*** Block opens ***

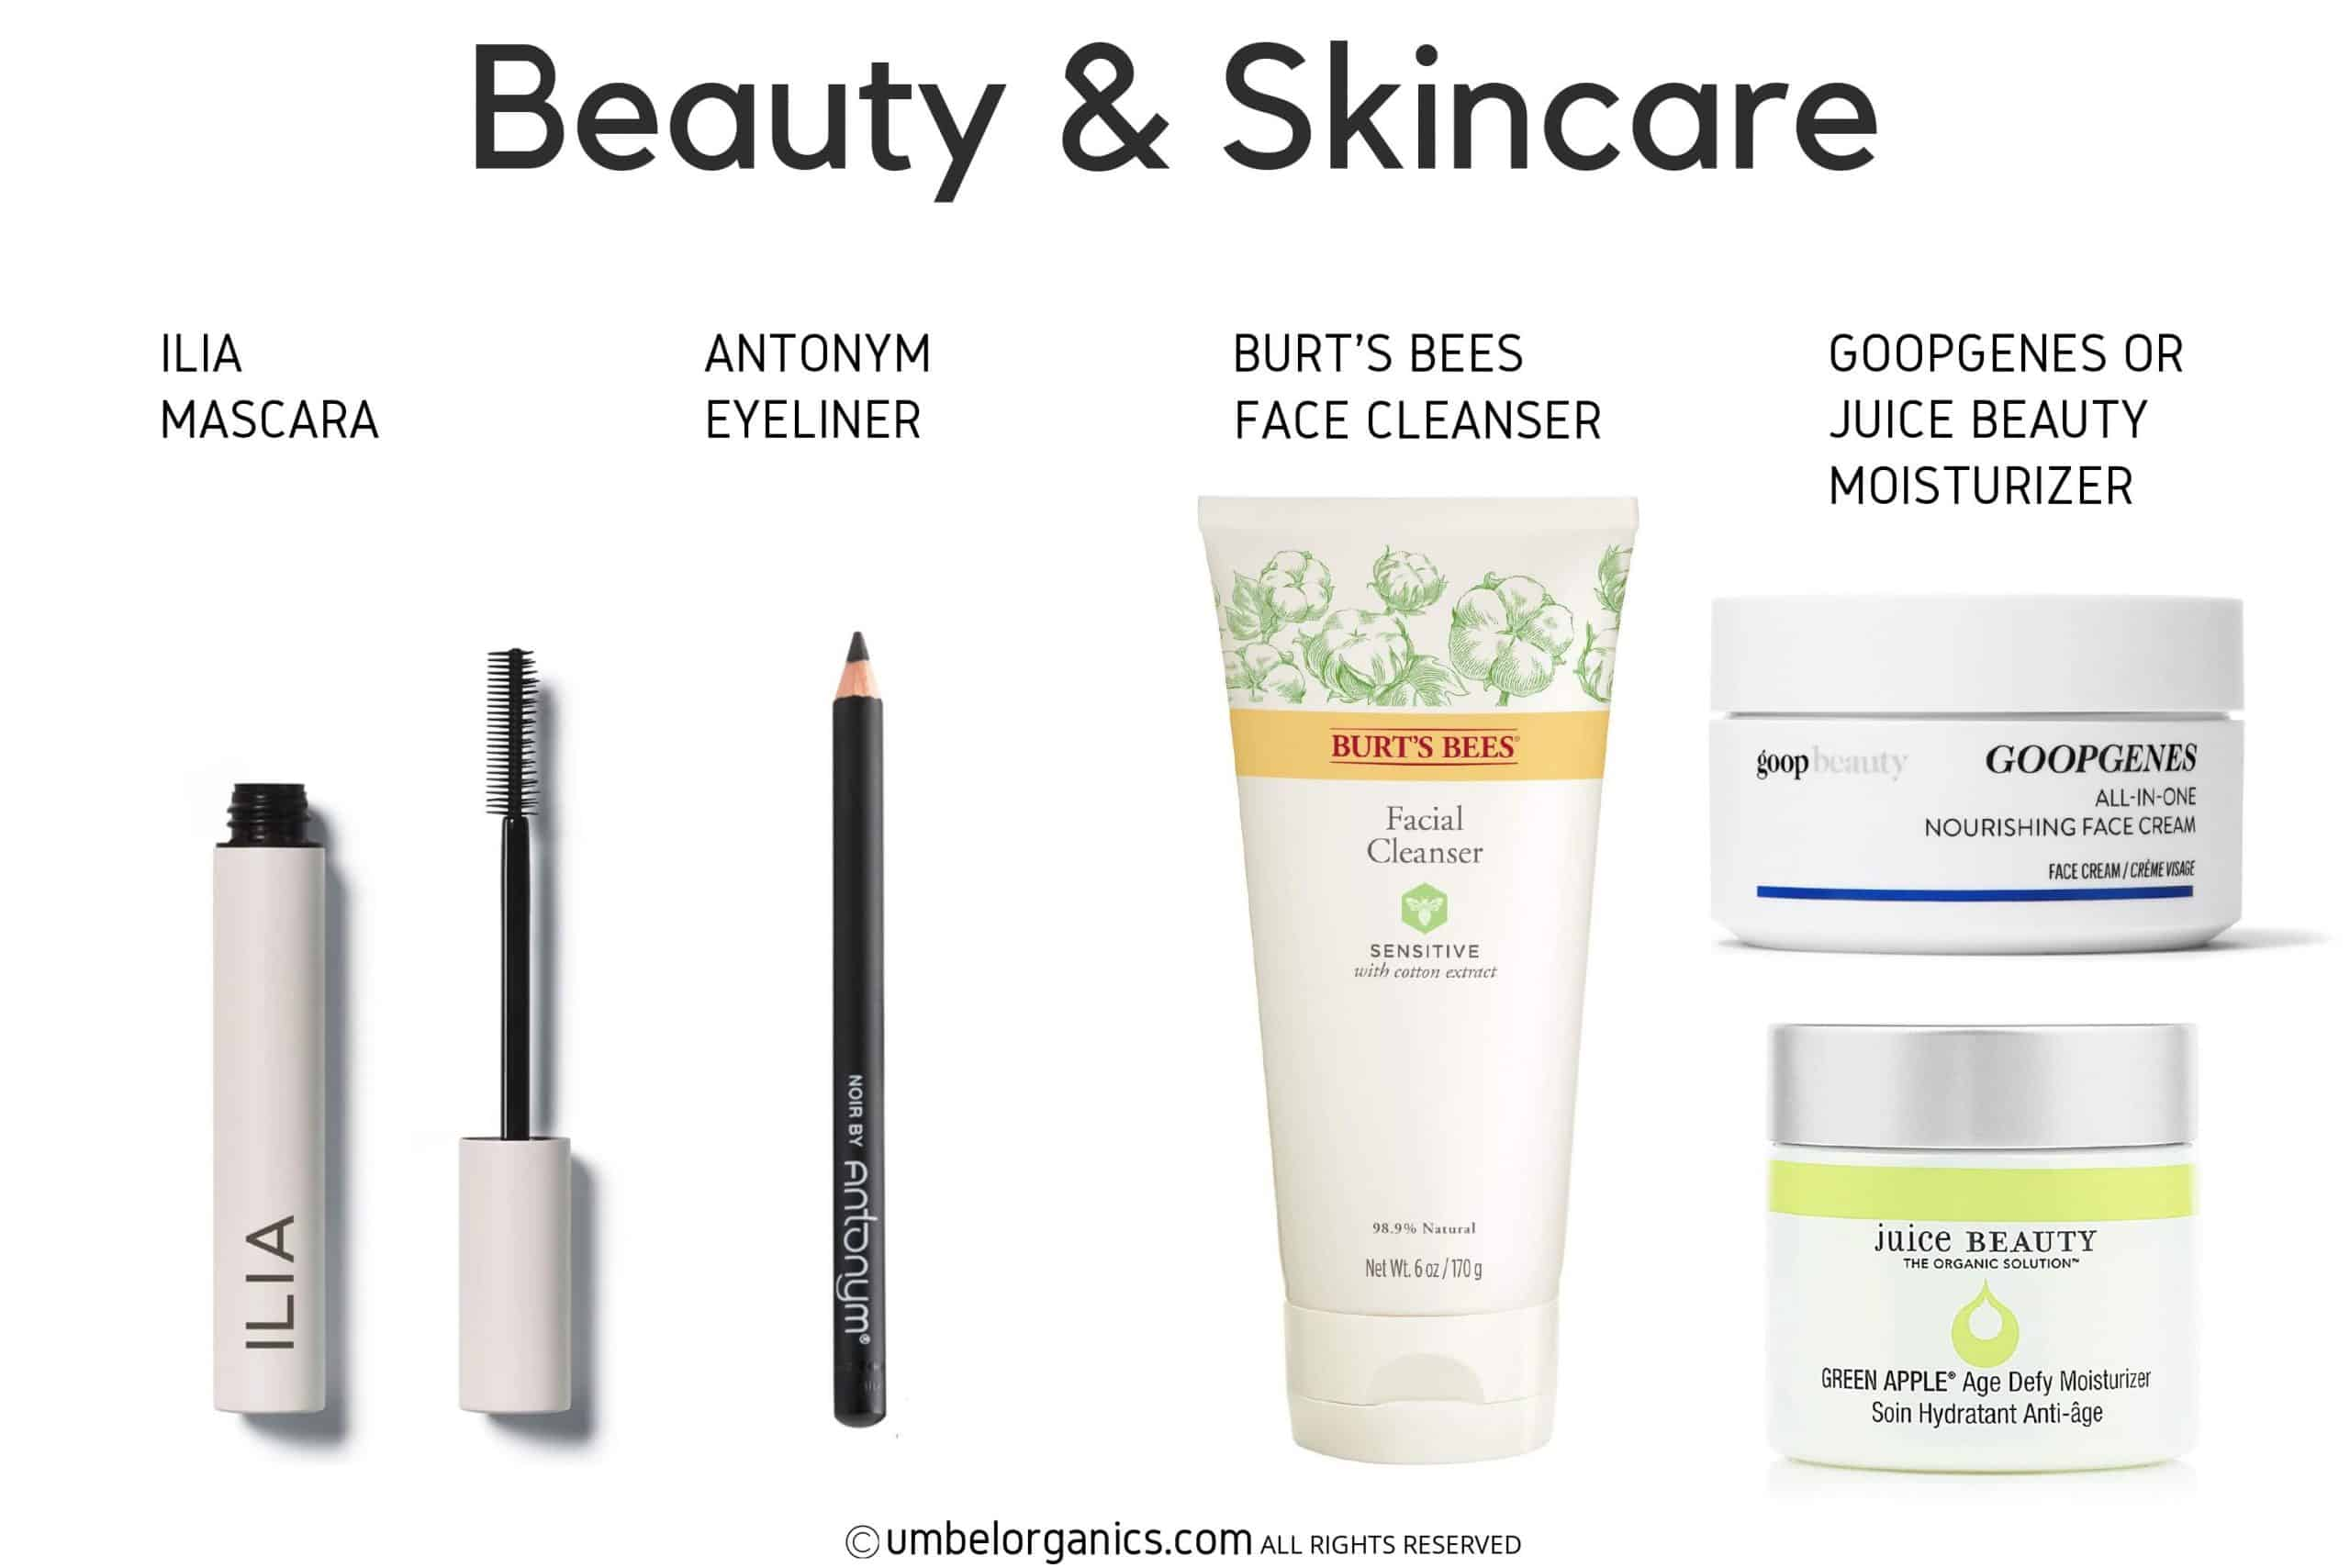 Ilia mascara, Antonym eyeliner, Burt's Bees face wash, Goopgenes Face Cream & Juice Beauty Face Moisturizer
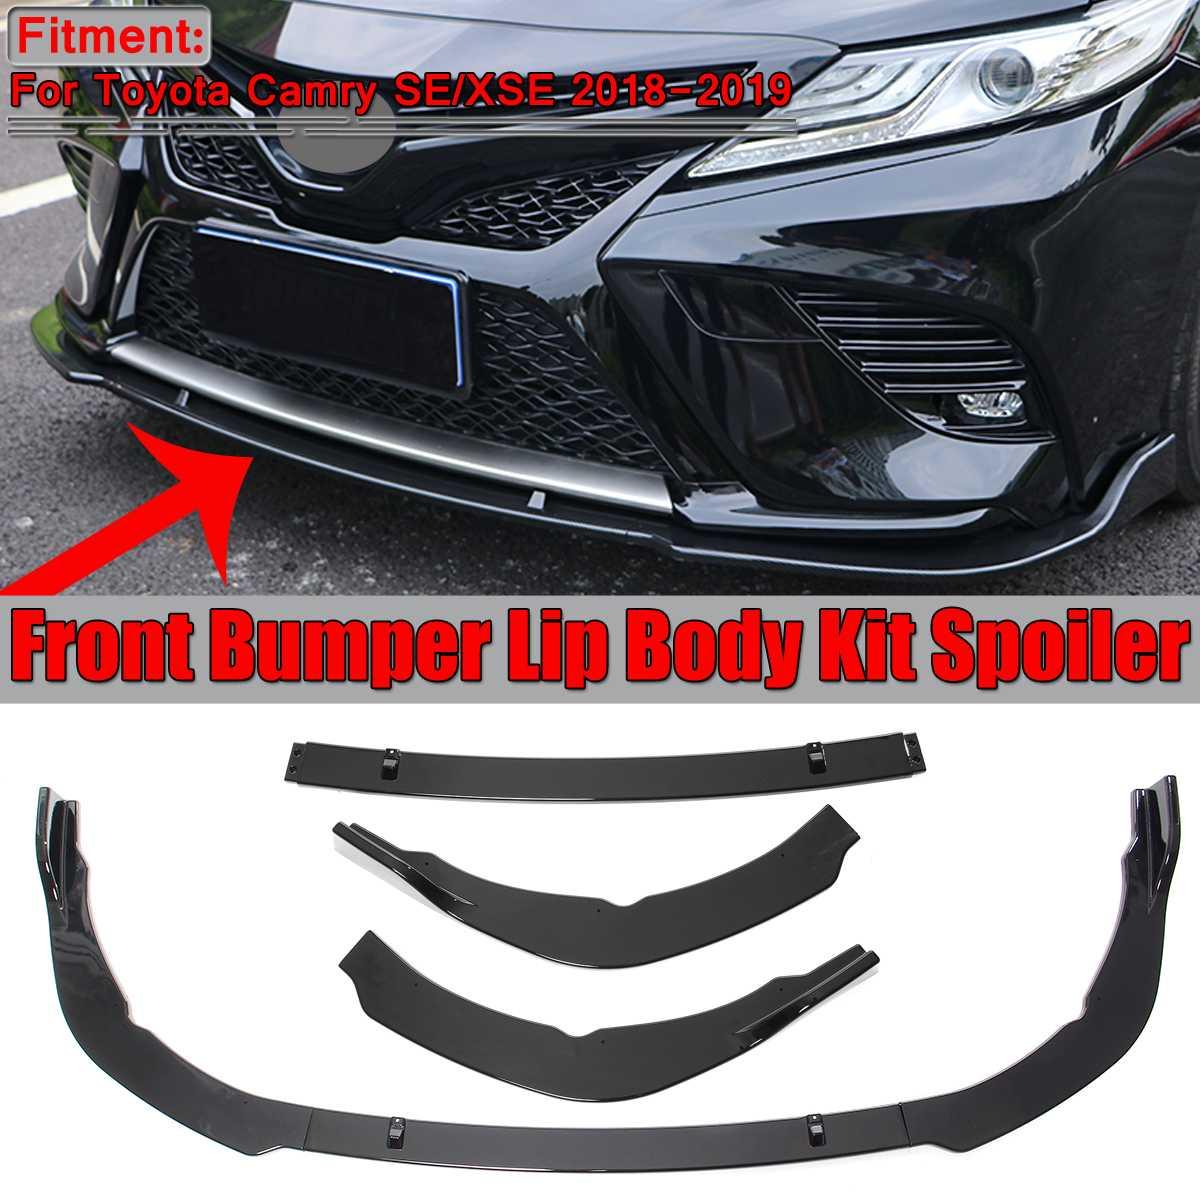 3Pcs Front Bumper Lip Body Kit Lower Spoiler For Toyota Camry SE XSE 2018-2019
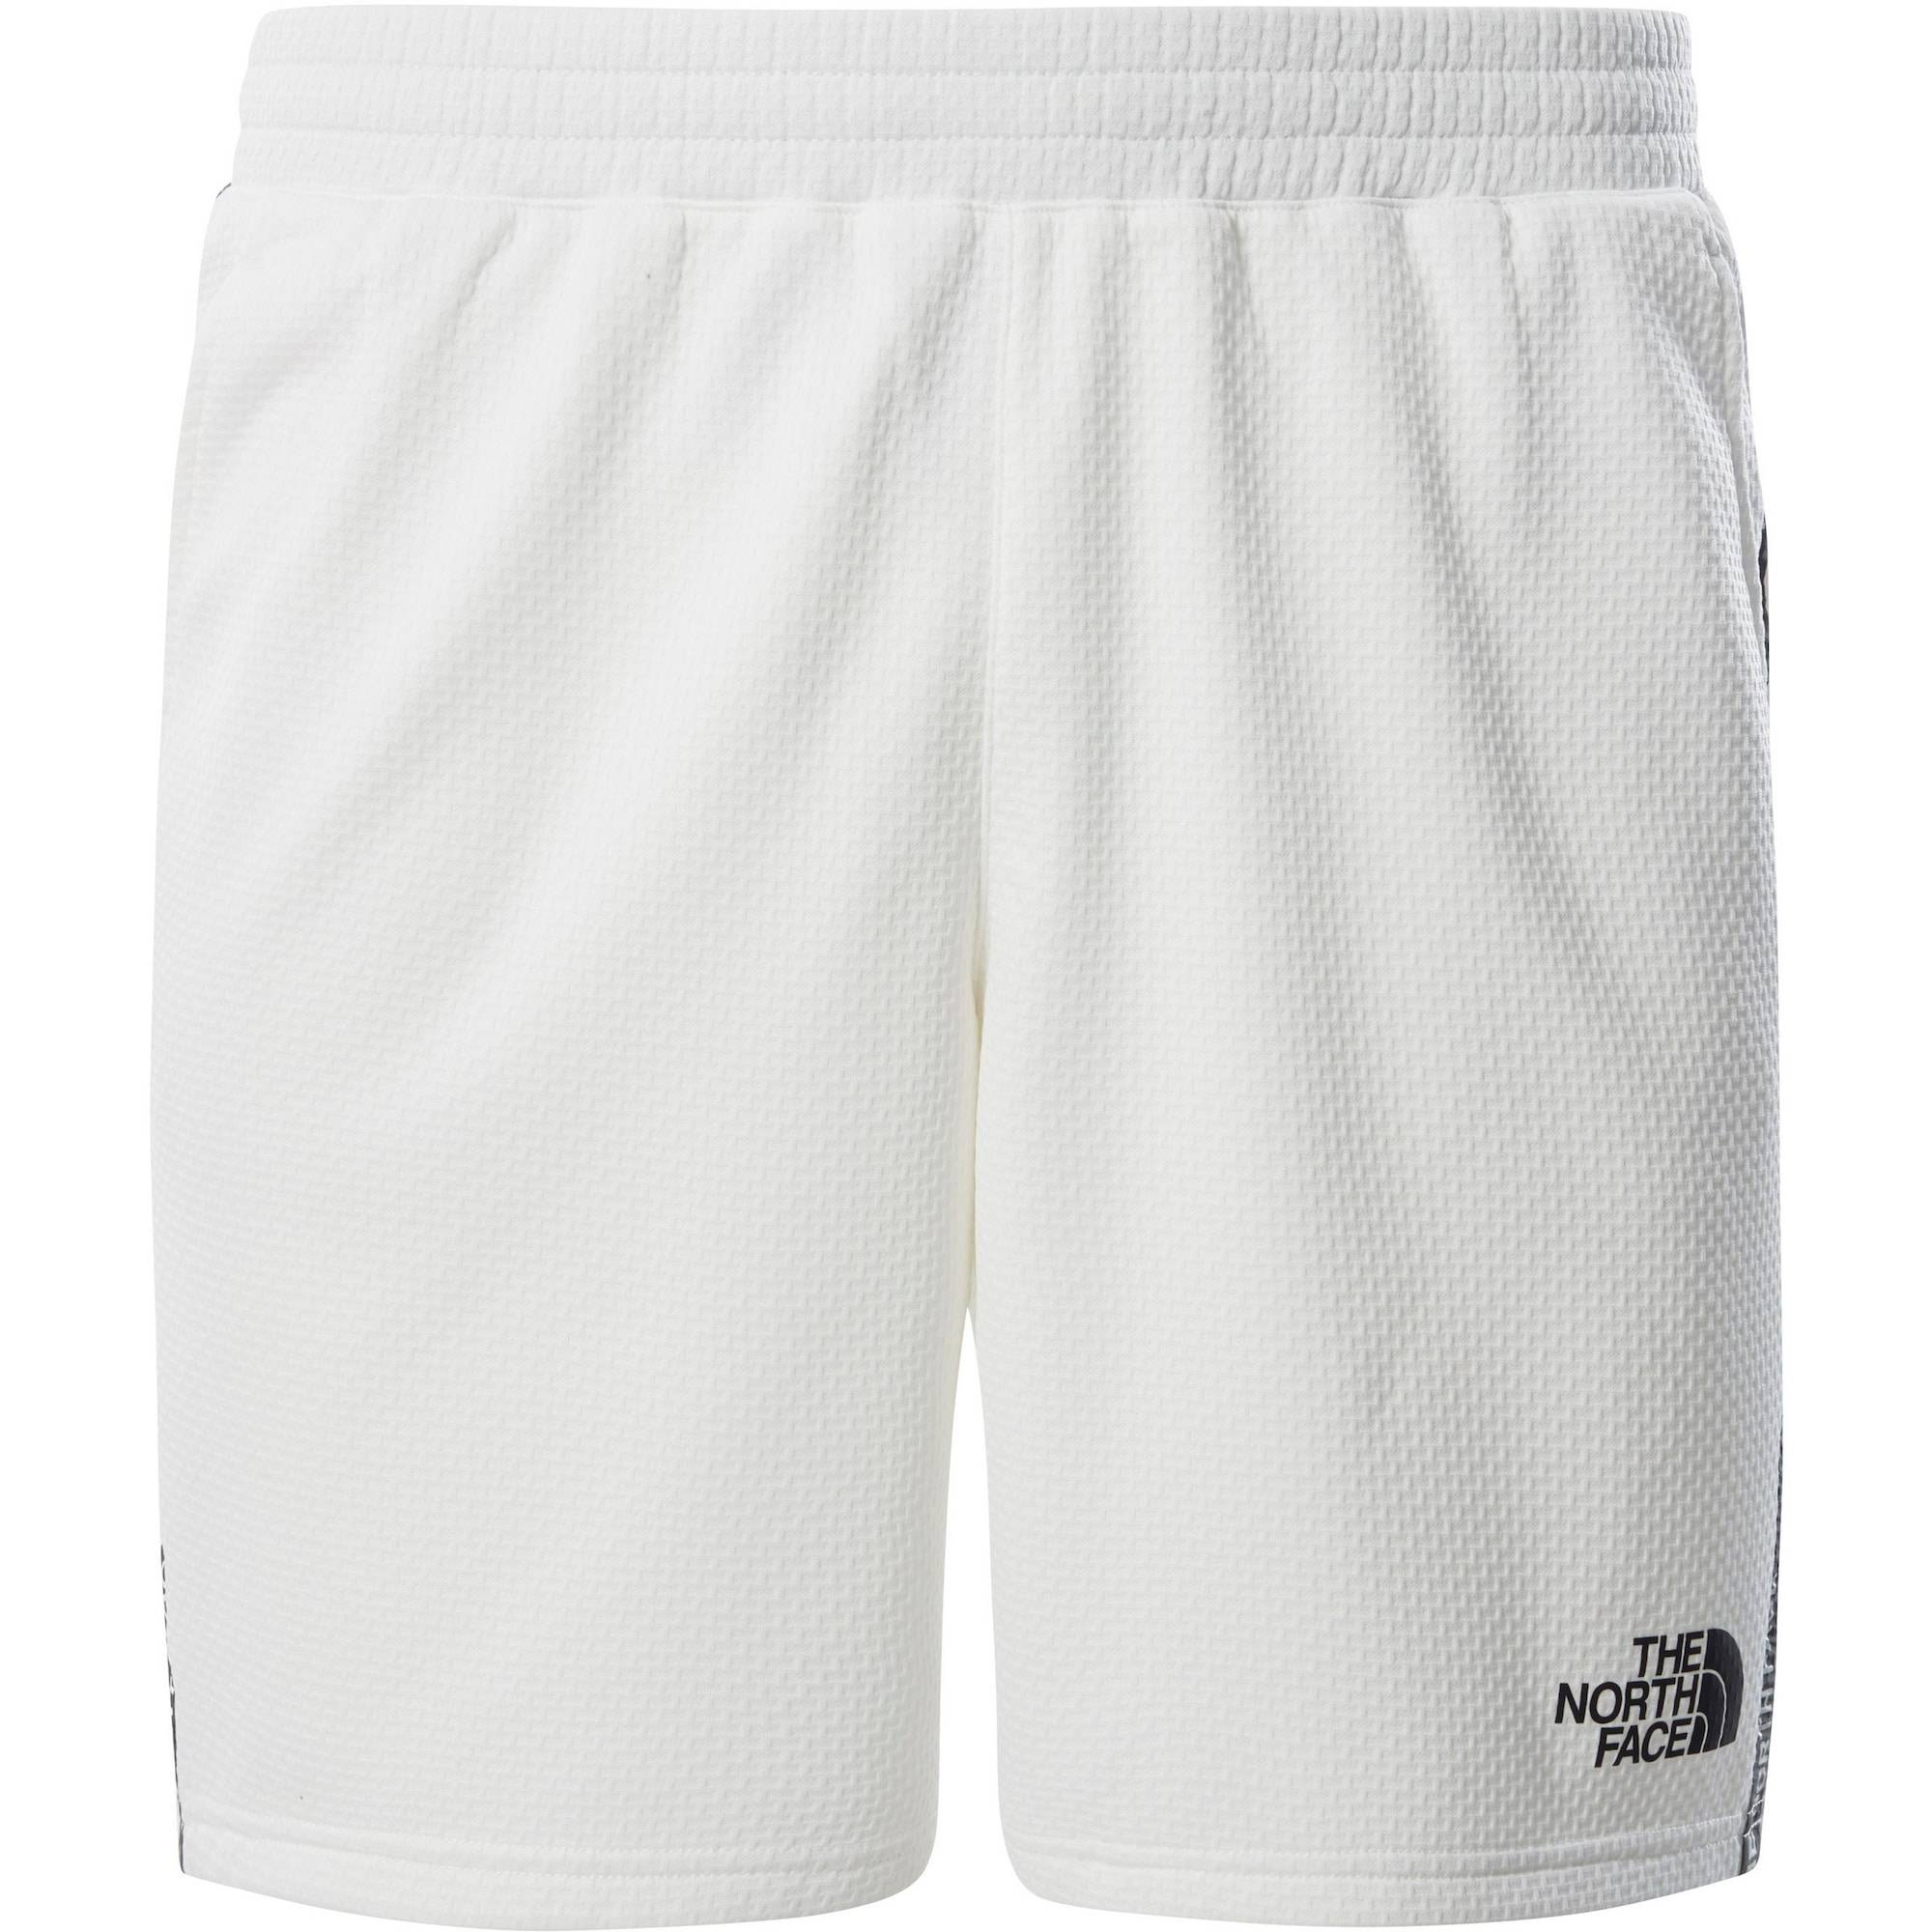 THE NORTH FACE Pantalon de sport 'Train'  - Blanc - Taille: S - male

*** Block closes ***

- _WORK TO COMPLETE_
Print each line of the material above exactly, with the pictures removed from your copy.

- _RESPONSE FOR THIS EXERCISE_
 Ilia mascara, Antonym eyeliner, Burt's Bees face wash, Goopgenes Face Cream & Juice Beauty Face Moisturizer
 3Pcs Front Bumper Lip Body Kit Lower Spoiler For Toyota Camry SE XSE 2018-2019
 THE NORTH FACE Pantalon de sport 'Train'  - Blanc - Taille: S - male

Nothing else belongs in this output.